Kaveh turned away. His hair caught the sunlight and kept it, hoarding shimmering gold, and Alhaitham grabbed him by the wrist before he could take his first step away. He would not allow Kaveh to walk away from him.
Kaveh made an undignified sound and yanked, but Alhaitham held firm.
“Let me go, ” Kaveh hissed. It was the adrenaline, the stress, it must be, but all Alhaitham could think about was half a decade earlier, hurt words hurled into the once-soft space between them. Kaveh, turning his back on Alhaitham and walking away. Kaveh, who walked out of his life.
“No.” Not again.
Kaveh made a sound that was almost a snarl. A lion enraged, a tiger awoken from its slumber. He tried to pull away, but Alhaitham only let Kaveh pull him in closer, until they were chest to chest and he could feel the fevered rhythm of Kaveh’s breaths on his lips.

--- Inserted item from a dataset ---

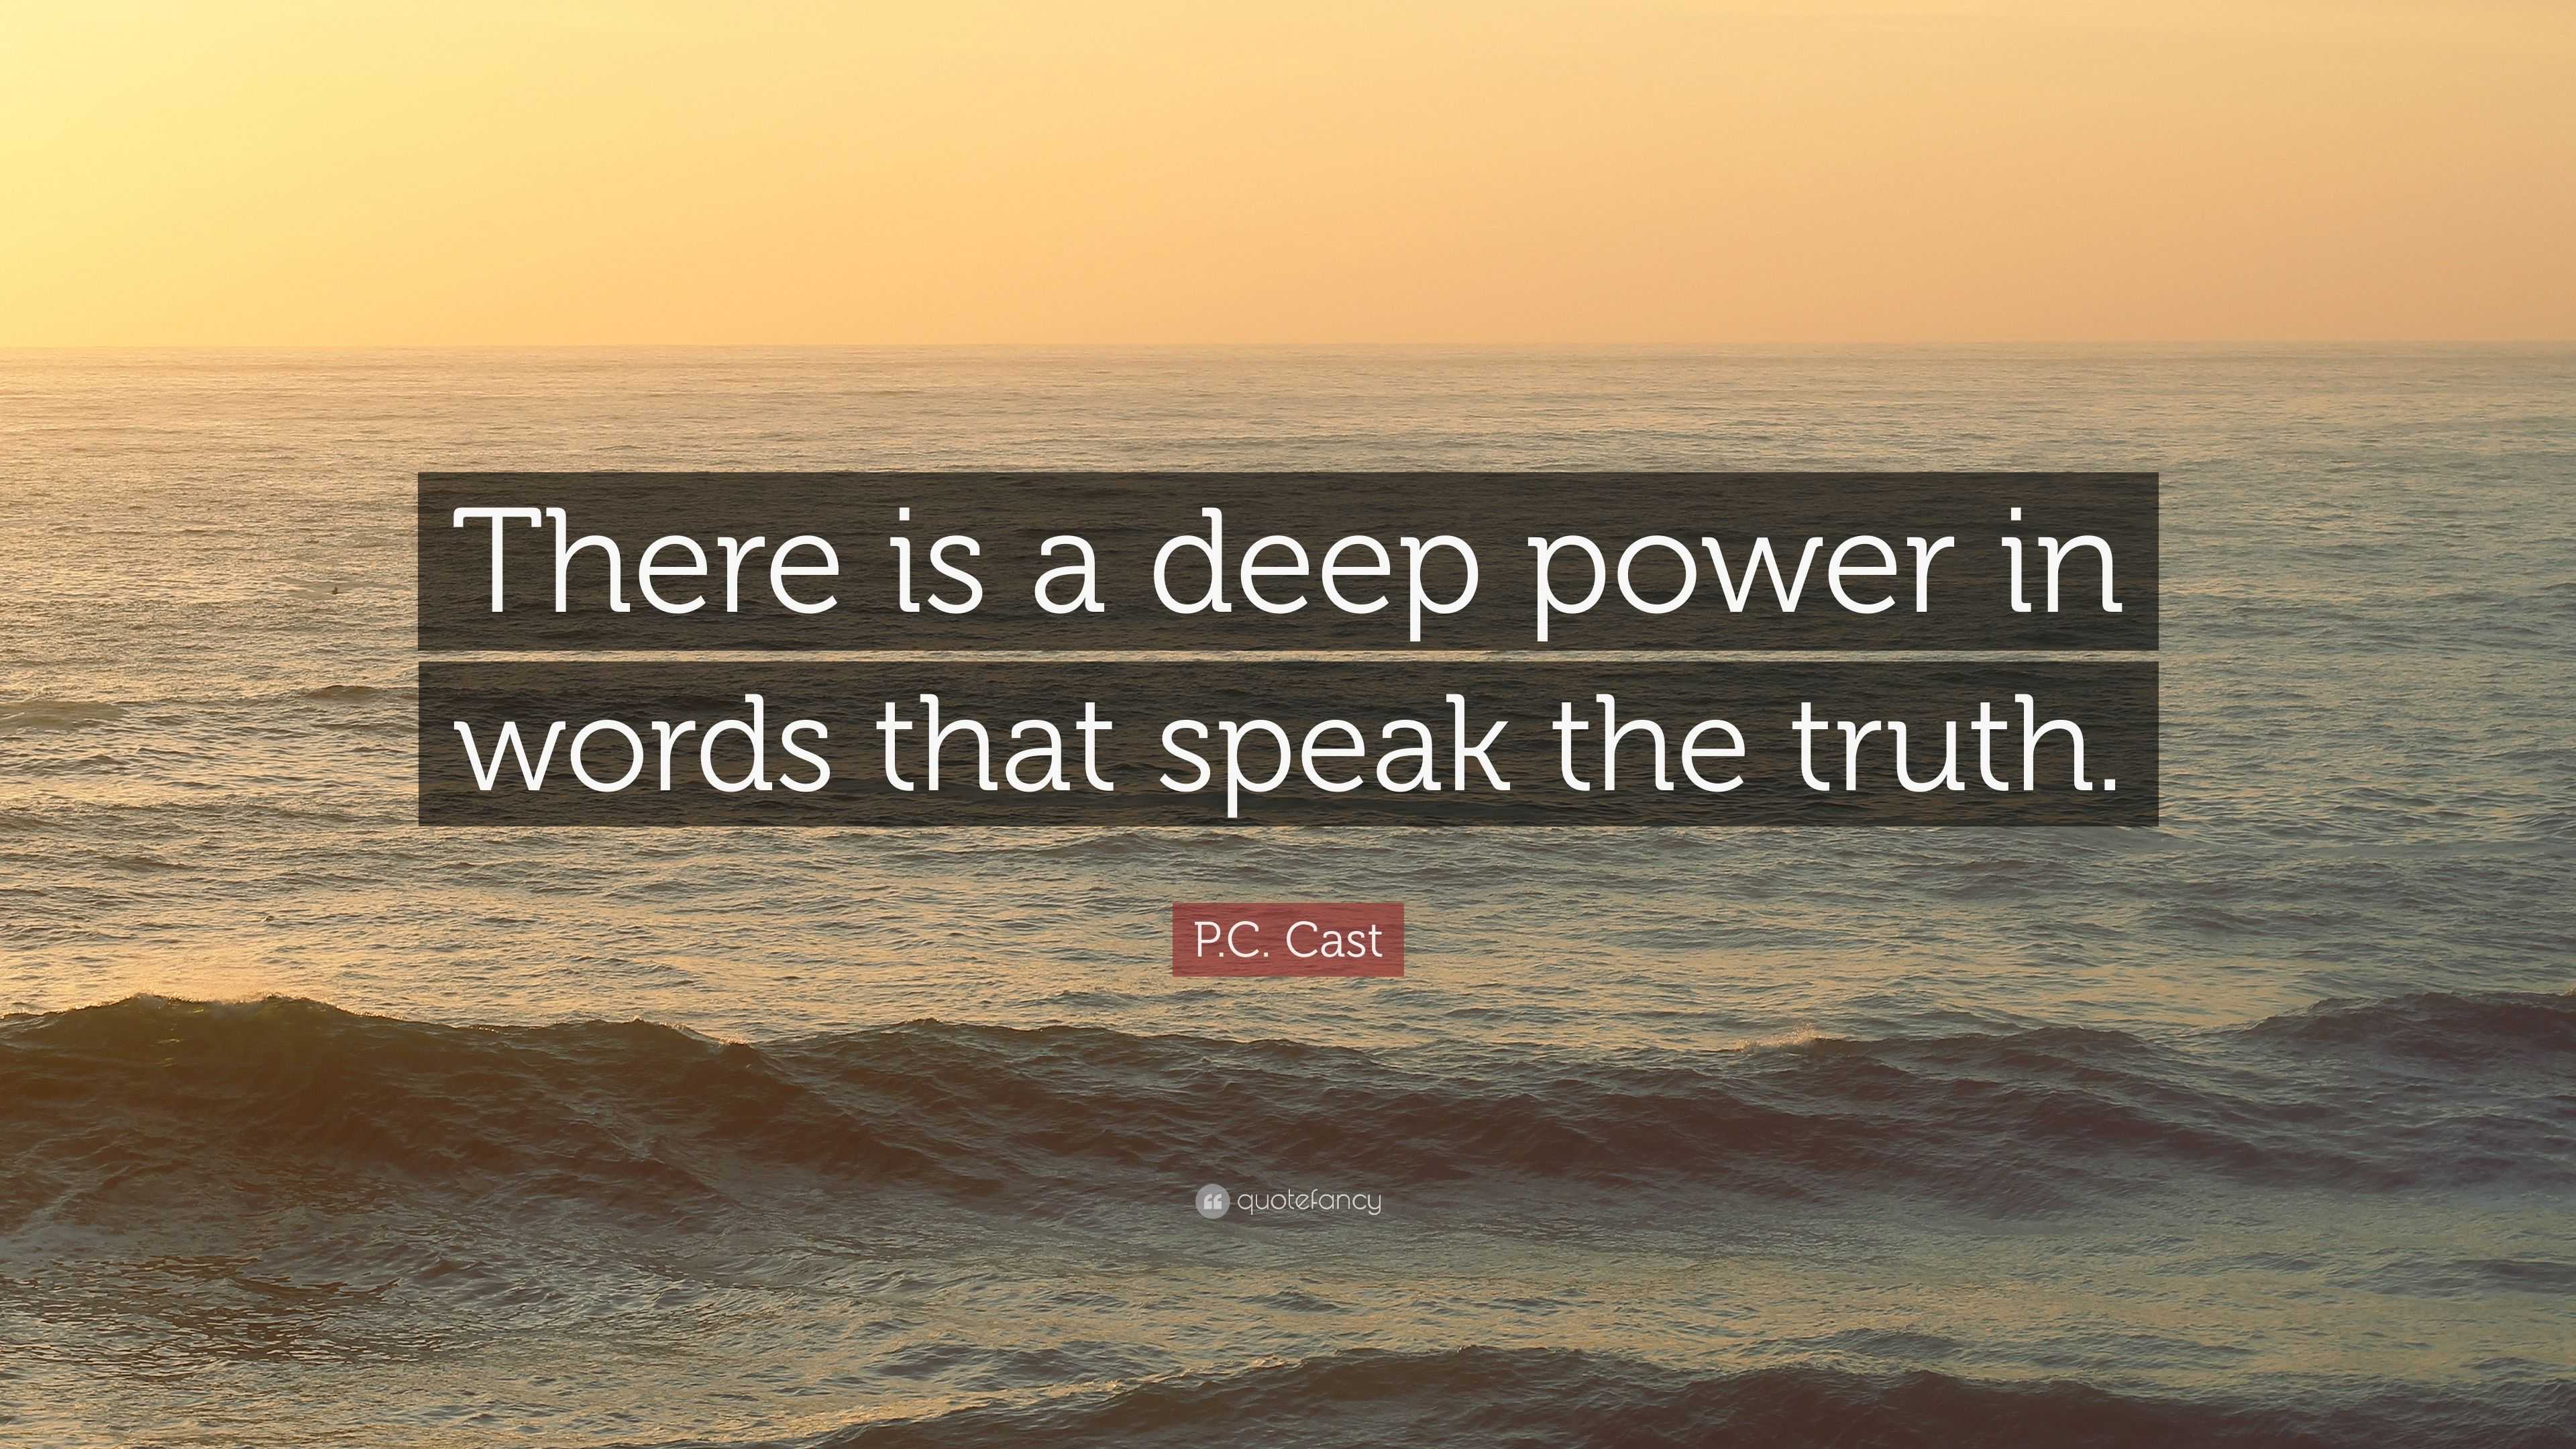 P.C. Cast Quote “There is a deep power in words that

“I won’t go back, you bastard! I don’t know what you said to the others, but I won’t, I won’t!”
Kaveh pulled with enough strength that Alhaitham could feel bones pop and shift beneath his grip. It changed nothing. He did not care how wild Kaveh became, as long as Kaveh didn’t leave, didn’t vanish until he was ready to return to the whole once more.
Alhaitham normally admired Kaveh’s drive. His tenacity, his single minded devotion to his values. Never before had he been in the position of needing to stop Kaveh so completely. Redirect, perhaps. Encourage a little self-reflection before jumping in with both feet, almost certainly. But to stop him from following through on a choice ran counterpoint to Alhaitham’s own beliefs— that everybody has the right to make decisions for themselves. Even if those decisions were a mistake. Even if those decisions might result in their ruin.
“You will go back,” Alhaitham said. Kaveh went very still beneath his grip.
“You will go back, because you must. Because you are part of him.”
A beat of calm, and then—
“I won’t , can’t you hear me?! He would do anything to be rid of me, he would rip his heart from his chest to excise me from his soul, and you want me to go back?! To live inside of him, always burning, always aching?!”
Fury, sharp and stinging and with bared teeth. This Kaveh was anger and the crackle of kindling. The creak of a tree trunk right before it fell to the forest floor. The edge of a sword, the tip of an arrow.
“You can. He would not be Kaveh without you.”
The shadow laughed and turned to face Alhaitham fully. Its chest rose and fell in rapid, jerking movements. Feral. Cornered.
“You’re right, you’re always right, aren’t you . He would not be Kaveh, he would be better! He would be a better man without me, without my bite, without my acid to swallow down every time the world disappoints him. Without me, he could be content , he could find solace in the hand life has dealt him.”
“So let me go,” it said. Crimson eyes full, sickening, pupils blown wide. “What have I ever done for you? You cannot pretend you enjoy my presence in your life. His, perhaps, but not mine. Never mine.”
Alhaitham thought, again, of the sharpness of Kaveh’s tongue. Of the cruel, indifferent nothingness of his eyes when they’d meet after their fallout, after that disastrous ending. The sharpness in his gaze. The thin line of his lips. The way his eyes would pass over Alhaitham as though he were faceless, as though they had never shared anything at all.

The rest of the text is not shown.